From the same diagram it is possible to notice that the first mass vaccinations against the main infectious diseases were introduced in the '50 and their mortality rate was already drastically reduced.13

 

Rapporto tra calo della mortalità complessiva, per le 11 comuni malattie infettive e aumento spesa sanitaria negli USA. Anni 1900-1970


On that matter an editorial of a paediatrics review stated that "In history, the greater lessening of virulence and mortalities caused from infectious diseases has not been an achievement of modern antibiotics or vaccines, but of the introduction of clean water and of sewage systems".14

What it is possible to draw from the admission of the same by WHO is that now that the economic interest justifying the use of smallpox vaccine does not exists anymore, can be freely found, in black on white, that it is an unethical vaccine because is dangerous for the treated patients and for who is close to them while before, when the vaccine was still used, all this did not only come into writing, but was not either thinkable or permissible to be said.

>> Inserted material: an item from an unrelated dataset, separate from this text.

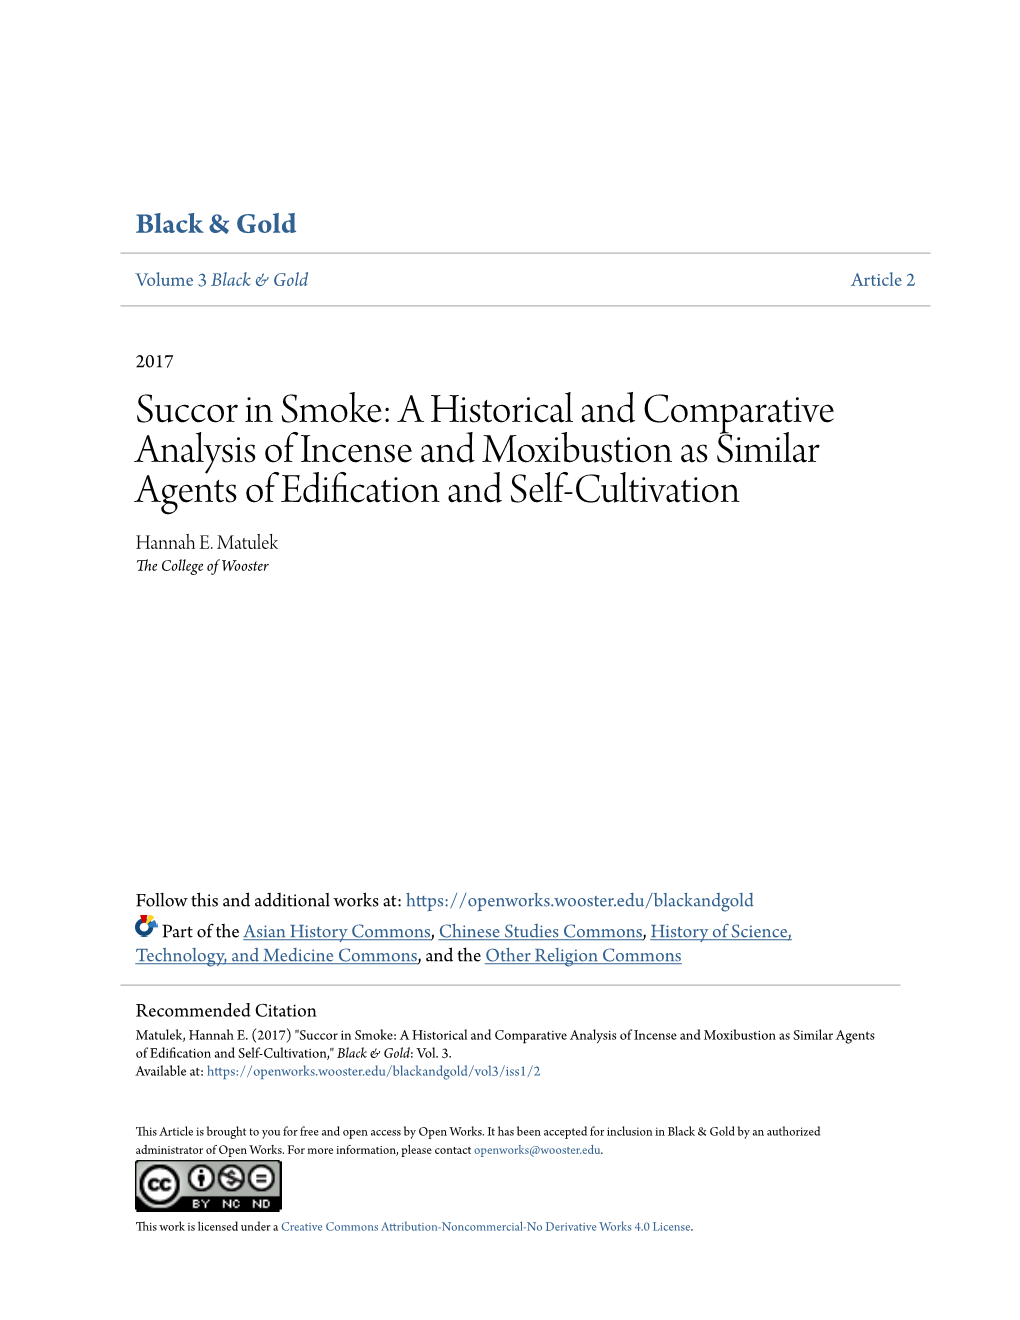 A Historical and Comparative Analysis of Incense and Moxibustion As Similar Agents of Edification and Self-Cultivation Hannah E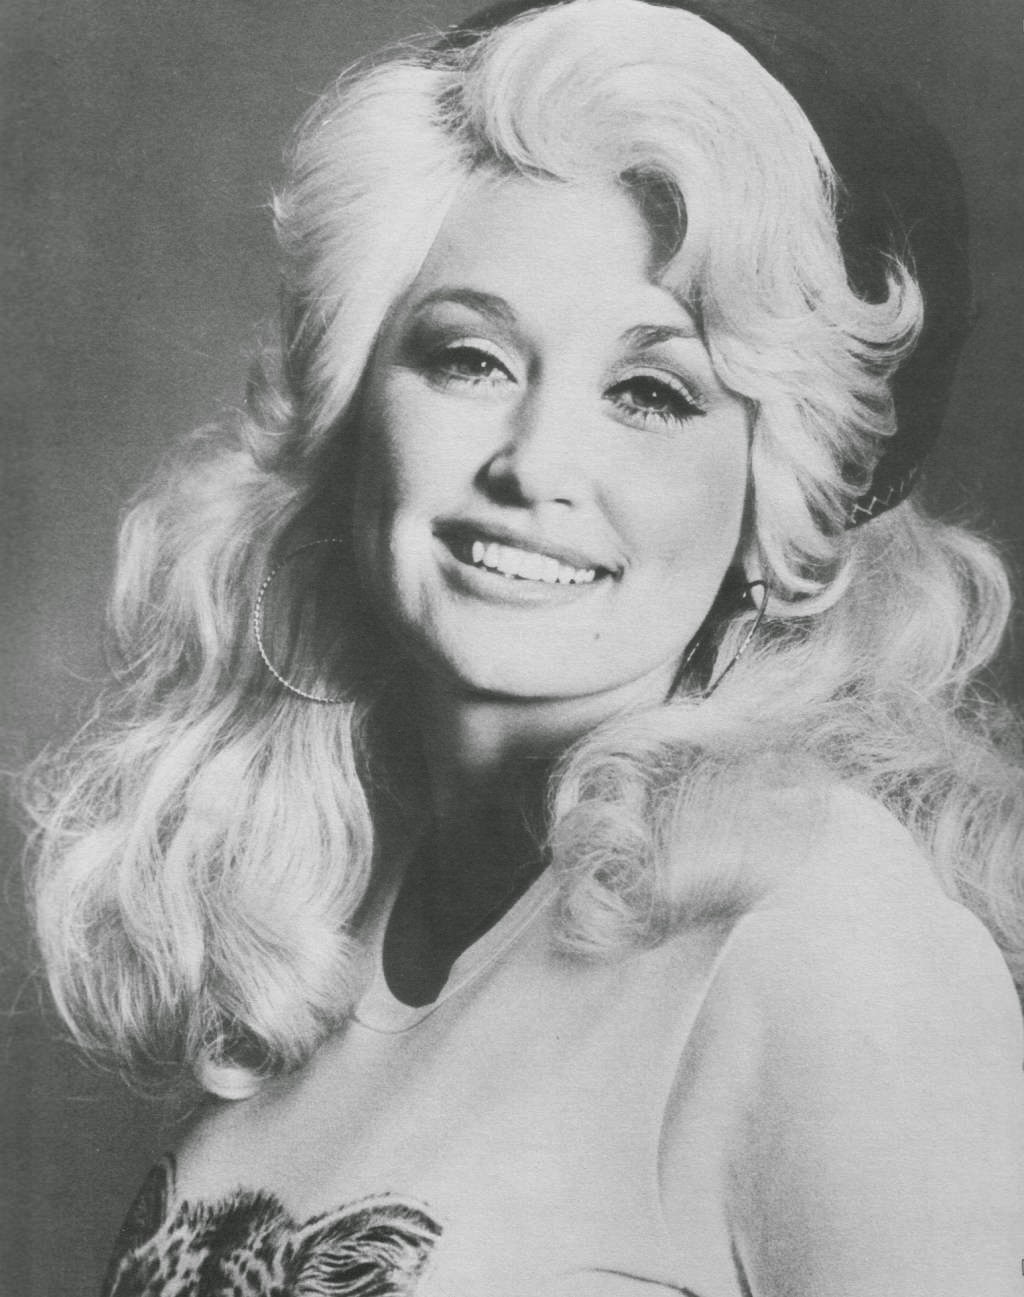 20 Beautiful Portrait Photos of Dolly Parton in the 1970s ~ vintage everyday1024 x 1297

Professor the Koch, during a broadcasting in 1922 from Stuttgart, said: "Smallpox vaccine has had remarkable undesired effects and today we can be only sorry for the fact that its mandatory practice has been abolished too late. With a little more courage we could have acted in such a direction long earlier".15

On the other hand, how difficult it could be for a doctor to go against common today’s views on vaccines can be guessed from a book on paediatric infectious diseases written by a German author in1993: "Every doctor and also every medicine student that is of a different opinion on decisive issues about vaccines must be aware that, in the eyes of his colleagues, if he is ready to state his own opinions in public will be a drop-out that is defaming Science".16

Such kinds of statements are of any help to scientific progress?

Is the presumption of knowing already everything that has to be known on a given argument, believing to possess the absolute truth and trying to block every different opinion using intimidation, a scientific-minded attitude?

The answer is surely a no.

But unfortunately in similar cases science engages conflicts with commercial interests of large industrial corporations, the ones controlling also the way information is spread through PR professionals able to skilfully manipulate public opinion in order to serve the interests of their customer - in this case the big pharmaceutical industries. That is why it becomes necessary to learn to recover information in alternative ways, actively searching for them instead of being satisfied with what we are fed with, in order to be in the position of making informed choices not led by fear or ignorance.

 

Translation by Pike Bishop for Il Portico Dipinto.